María Corina Machado: El soldado raso y el oficial tienen un sueldo de hambre

mariacorina118 Noviembre, 2014
ESCRITO POR Enrique Meléndez /TOMADO DE especial Noticiero Digital / 18 nov 2014.– La líder de Vente Venezuela, María Corina Machado, asegura que el mejor ejemplo de la destrucción de una institución bajo el gobierno chavista ha sido la fuerza armada.
opinan los foristas
“Chávez se propuso desde el primer día destruir a las fuerzas armadas y fue progresivamente llevándolo adelante”, afirma Machado en esta segunda parte de la conversación con Noticiero Digital.
¿Cree usted que la crisis que se vive hoy en Venezuela se debe a que ya se agotó el modelo clientelar de gobierno o es que hay un cambio de mentalidad, con respecto a cómo el venezolano percibe su relación con el Estado?
-El populismo y el clientelismo, además de la excesiva dependencia con el petróleo, no comenzó con Chávez; pero, desde luego, se ha exacerbado dramáticamente. Por lo tanto, yo creo que la transformación que tenemos que lograr en Venezuela está llamada a atacar los cinco males históricos: la dependencia excesiva del petróleo, el estatismo, el centralismo, el populismo y, después de 200 años, el militarismo.
-Y lo que me maravilla y lo que me llena de emoción es que nuestra generación, paradójicamente, después de este desastre y de este horror, vamos a ser capaces de superar las cinco a la vez. Eso es un primer punto.
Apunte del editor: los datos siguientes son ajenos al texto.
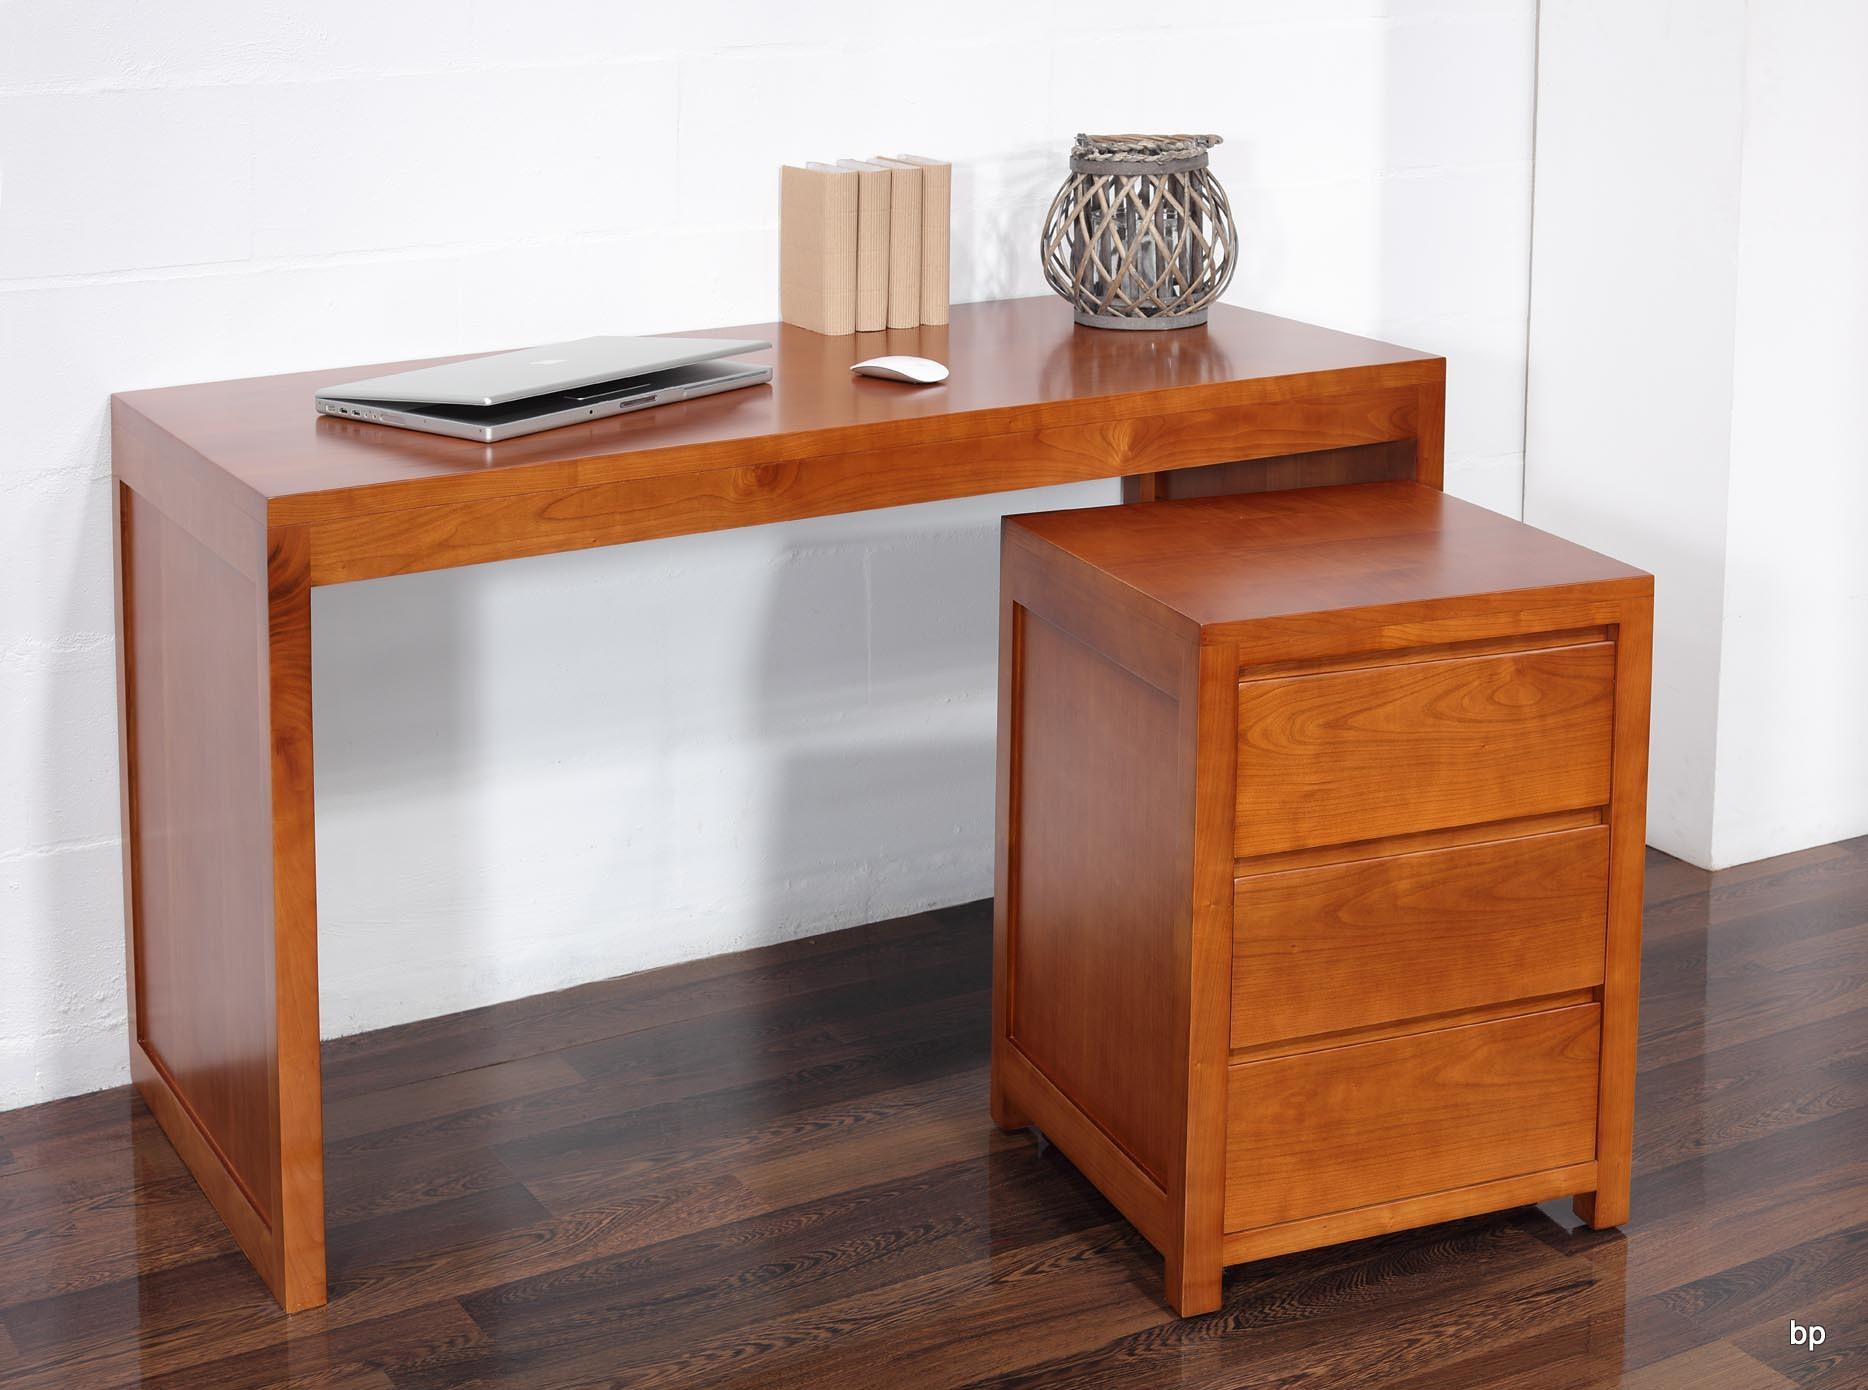 Mesa escritorio estilo contempor neo en madera cerezo - Mesa escritorio con cajones ...

-Un segundo punto es que yo creo que este régimen nunca quiso satisfacer las necesidades de nadie. No es verdad que este horror sea producto de que son ineficientes y corruptos; que lo son al infinito. Esta destrucción es intencional. Yo te decía que una de las políticas de Estado es la pobreza: todo aquello que genera autonomía está condenado a ser liquidado por un régimen totalitario.
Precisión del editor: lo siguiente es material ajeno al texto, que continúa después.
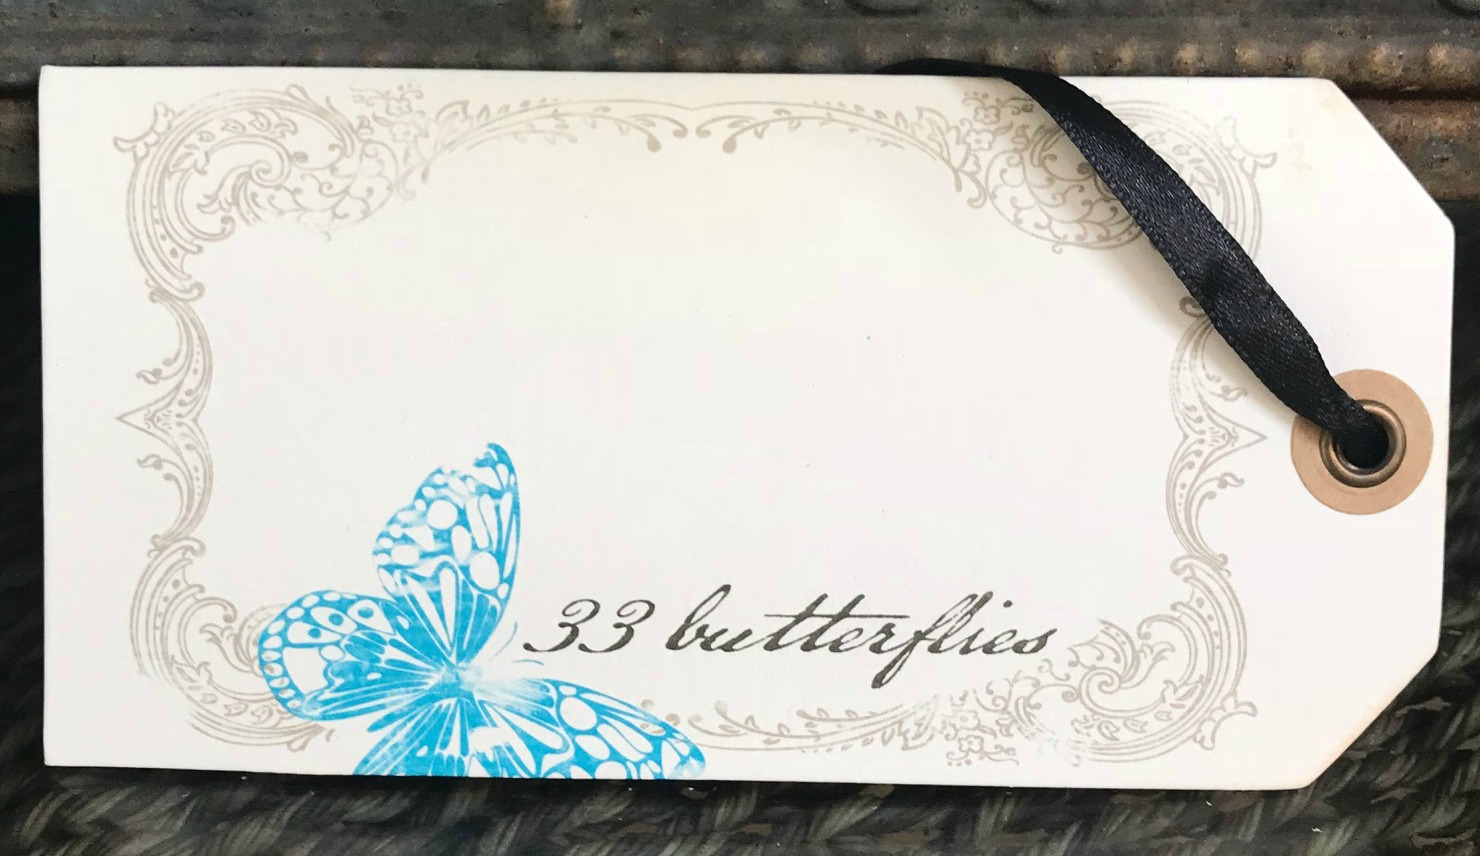 33 Butterflies Tag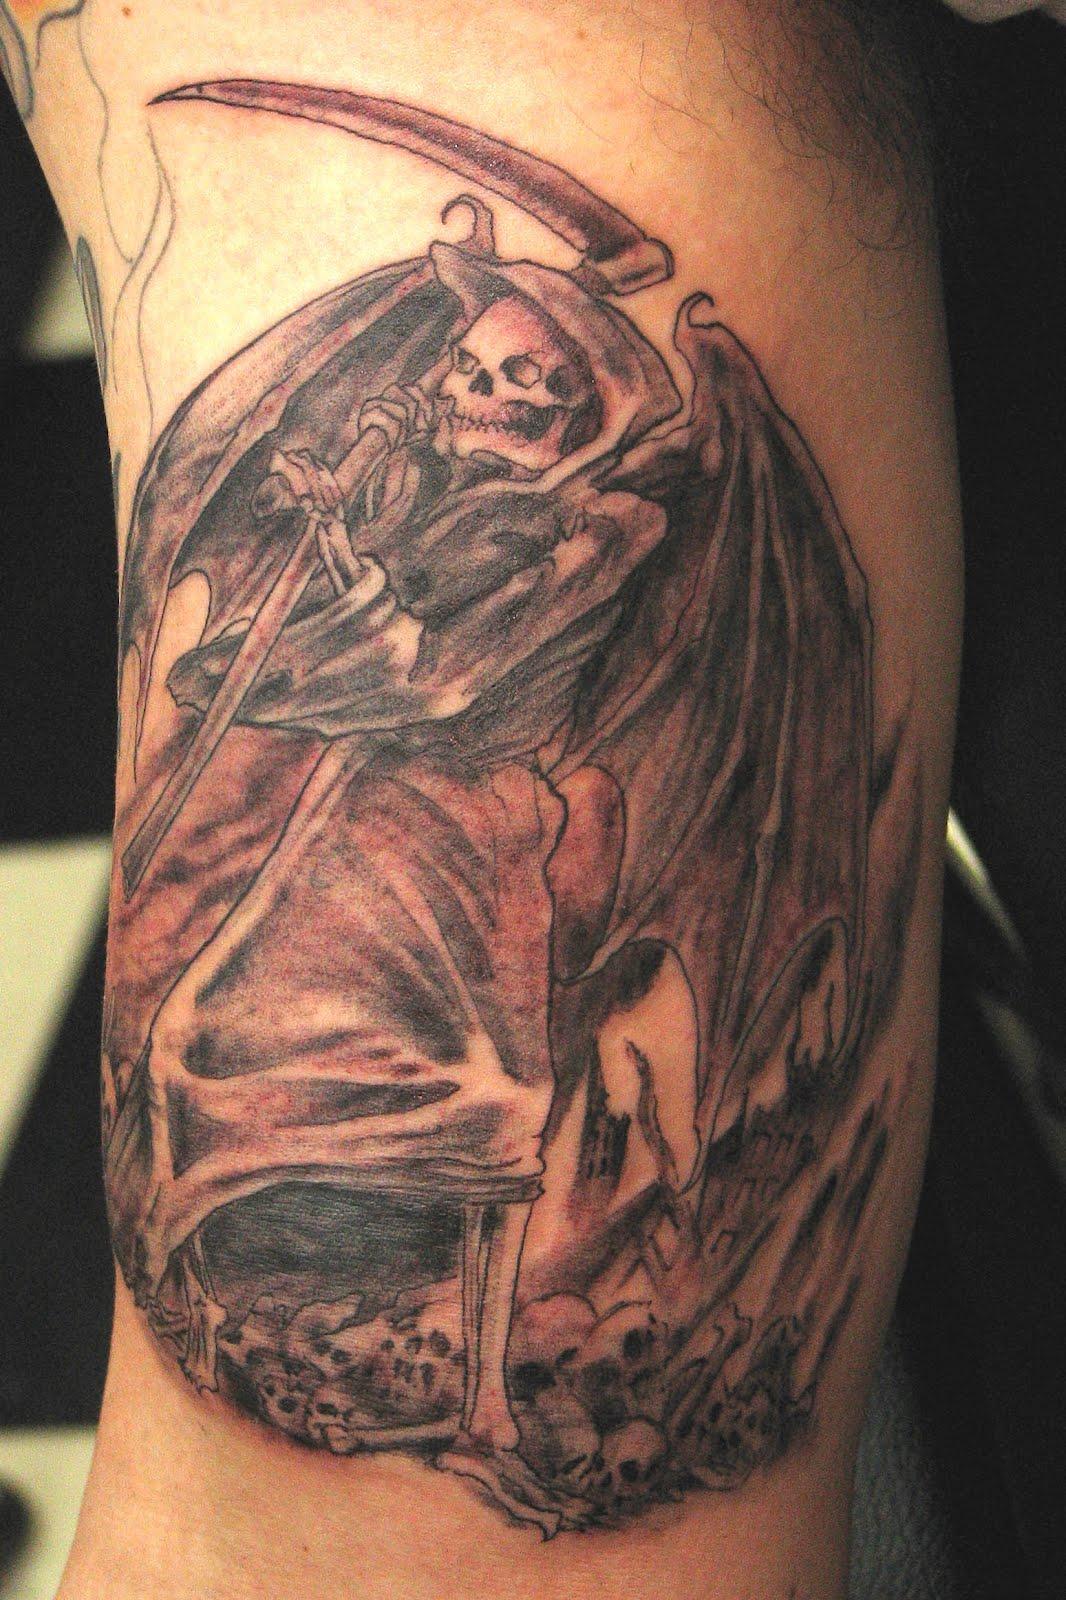 Tattoo art: September 2012

-Durante quince años estos tipos de han dedicado a invertir una suma astronómica sólo para combatir el emprendimiento, la iniciativa privada; todo aquello que se asocie a la autonomía y a la empresa privada; no obstante, hay encuestas que te arrojan que, de cada diez venezolanos, siete están a favor de la iniciativa privada.
-Lo lamentable es que este proyecto colectivista se trata de aplicar durante los quince años que hemos tenido de mayores ingresos petroleros y que fracasa, rotundamente; pero, por paradoja, es la oportunidad para decir: “Ven, no es un tema de plata”. Estos modelos no funcionan. Este es un modelo que te conduce a un país como Cuba. Es el momento entonces de plantearnos otra Venezuela; porque el cambio es una cosa indetenible.
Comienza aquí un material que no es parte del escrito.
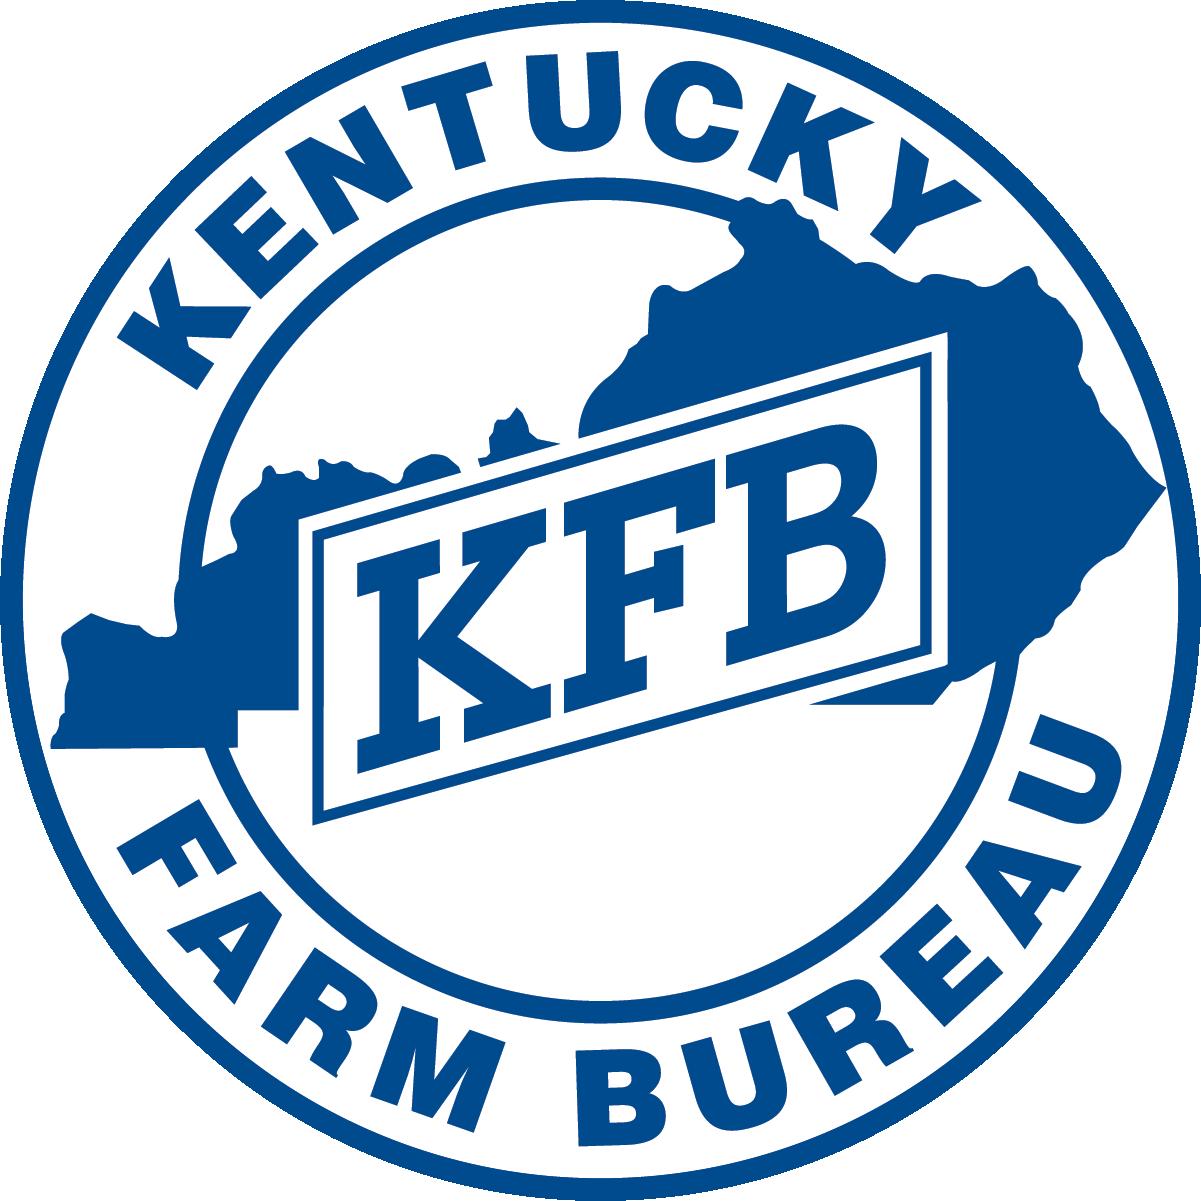 Kentucky Farm Bureau sponsor logo

¿Cómo define usted al chavista de base?
-Para mí todos somos ciudadanos. Yo creo que esa obsesión por dividirnos en clases sociales o geográficas: los que viven en “el cerro”; los que viven en “las colinas”, o por ideología; incluso, por raza o por región; esa ha sido la clave que Fidel Castro le ha transmitido a este régimen para fragmentar y crear unas barreras ficticias entre los venezolanos, o, importantísima, entre civiles y militares. Esa ha sido, quizás, la primera barrera que intentaron levantar.
-Yo me siento como venezolana una ciudadana más, como cualquier otro que haya nacido en este país. Desde luego, hay un sector en Venezuela al cual se le sembraron enormes ilusiones y, producto de estas barreras, se fue desgarrando el tejido social y la familia. Porque ellos sabían que en la medida en que la familia se dividía, nos hacíamos vulnerables. Por eso insisto: la lucha que nosotros estamos dando es por unificar a la sociedad y unificar a la familia.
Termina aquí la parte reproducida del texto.